Der SPD-Stadtverbandsvorsitzende Günter Meurer beschrieb sich selbst nach seiner Wiederwahl bei der Mitgliederversammlung am 3. November als „kampfeslustig“. Oberbürgermeisterin Dr. Heike Kaster-Meurer vermied am selben Abend zwar jeglichen zitierfähigen Hinweis auf ihre Lust oder Unlust, noch einmal als OB kandidieren zu wollen. Aber ihre Rede vermittelte stark den Eindruck, dass die Themen der Stadt sie nicht loslassen und sie weitere acht Jahre darauf verwenden möchte.
„Was ist kommunalpolitisch unser Job?“, fragte Kaster-Meurer zu Beginn ihrer Rede. Ihre Einschätzung dazu sei: „Wir müssen dafür sorgen, dass möglichst viele Menschen in dieser Stadt gut leben können“ — und auch gerne leben können.

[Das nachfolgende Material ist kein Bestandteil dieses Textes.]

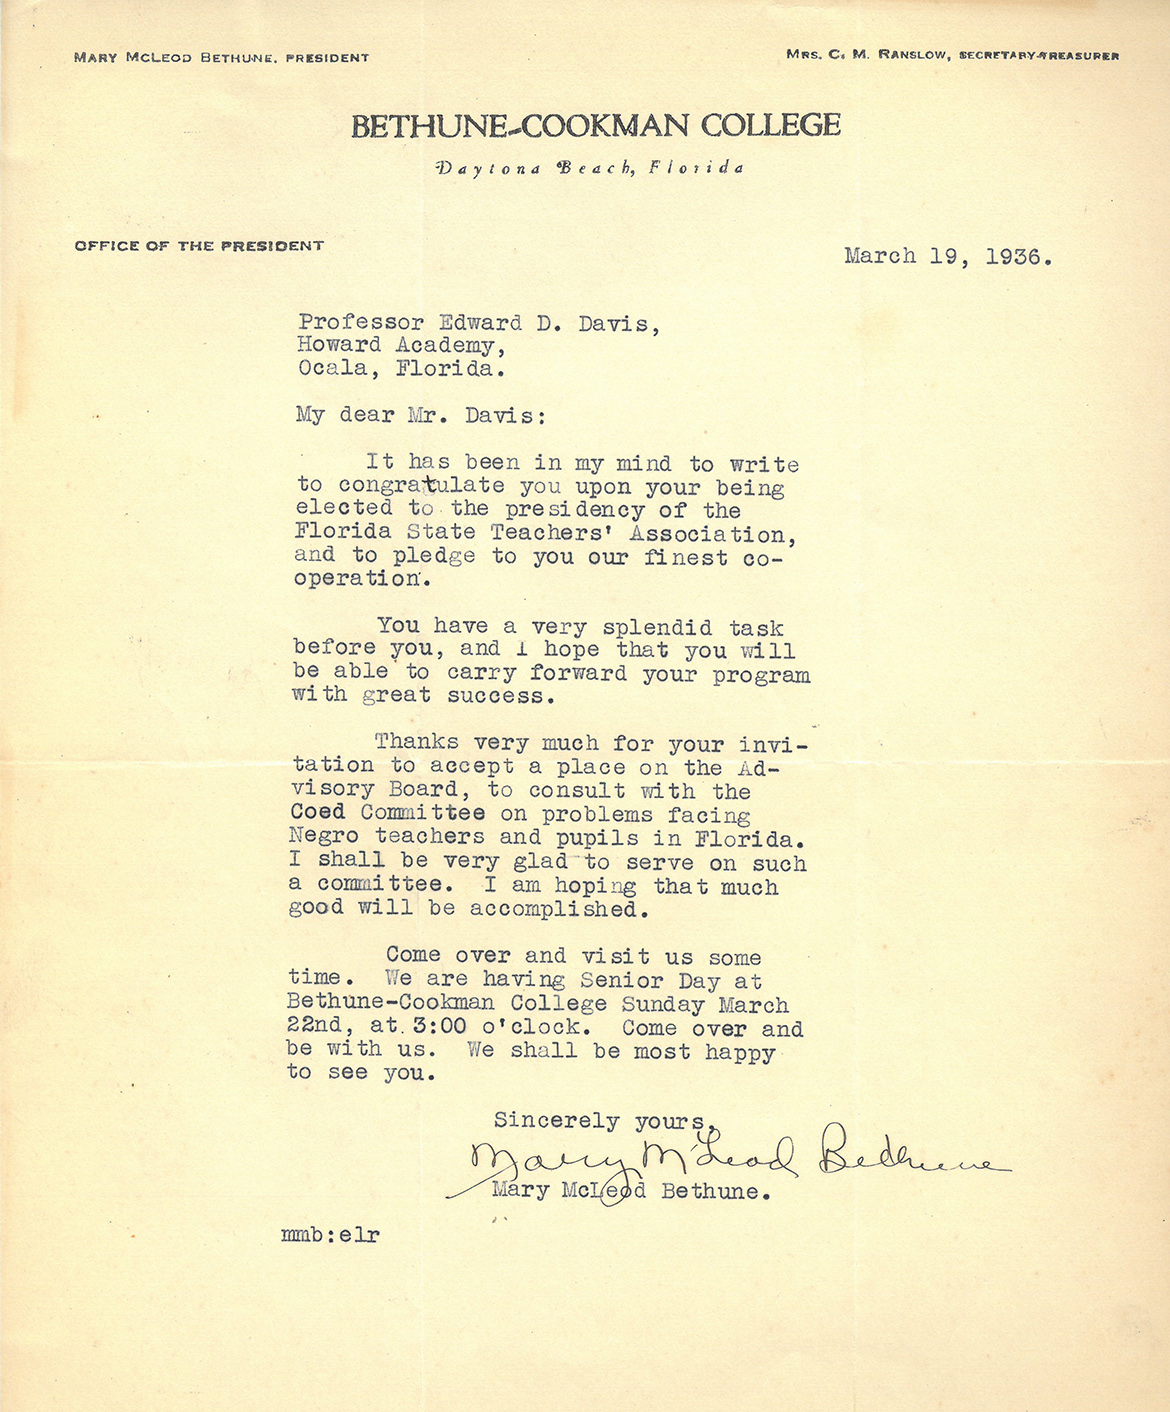 Letters to Mr. Davis from various historic figures including Martin Luther King, Jr., Mary McLeod Bethune and Thurgood Marshall, courtesy of Daniel Banks

„Typisch sozialdemokratisch“
In einer Stadt mit sehr starkem Zuzug heiße dies, diesen Menschen eine neue Heimat zu bieten, und dafür zu sorgen, dass sie gut angenommen werden. Dies sei ein typisch sozialdemokratischer Ansatz — der sich am besten in kleineren Quartieren umsetzen lasse. Denn dort, wo man einander kennt, könne man sich unterstützen und wisse auch, wofür man sich einbringt. Die Pandemie habe gezeigt, wie wichtig — auch künftig — eine verlässliche Unterstützung ist. „Es sind für mich 100-prozentig sozialdemokratische Eigenschaften und Werte, dass man auch mal links und rechts guckt und fragt: Wie geht es eigentlich dem anderen?“
Von „wahnsinnig großen“ und noch wachsenden Herausforderungen sprach Kaster-Meurer, von zu knappen finanziellen Ressourcen und zunehmenden Aufgaben, von einem Haushalt im Umfang von rund 150 Mio. € und davon zirka 6,5 Mio. € sogenannte freiwillige Ausgaben. „Wir haben kaum Spielraum“, konstatierte die OB und zog daraus den Schluss: „Deswegen ist es so wichtig, dass wir uns engagieren, dass wir für die Werte, die uns allen gemeinsam sind, auch tatsächlich Möglichkeiten der Umsetzung finden.“
Engagement für Familien und Kinder
Ein Beispiel sei die sich öffnende Schere bei der Bewältigung der Pandemiefolgen in jenen Familien, wo Kinder ohne die technischen Voraussetzungen für den Fernunterricht und ohne familiäre Unterstützung abgehängt worden seien. Dies sei kaum noch zu kompensieren. An Michael Simon MdL richtete sie die Bitte, das 2022 auslaufende Bundesprogramm „Aufholen nach Corona“ auf Landesebene fortzusetzen.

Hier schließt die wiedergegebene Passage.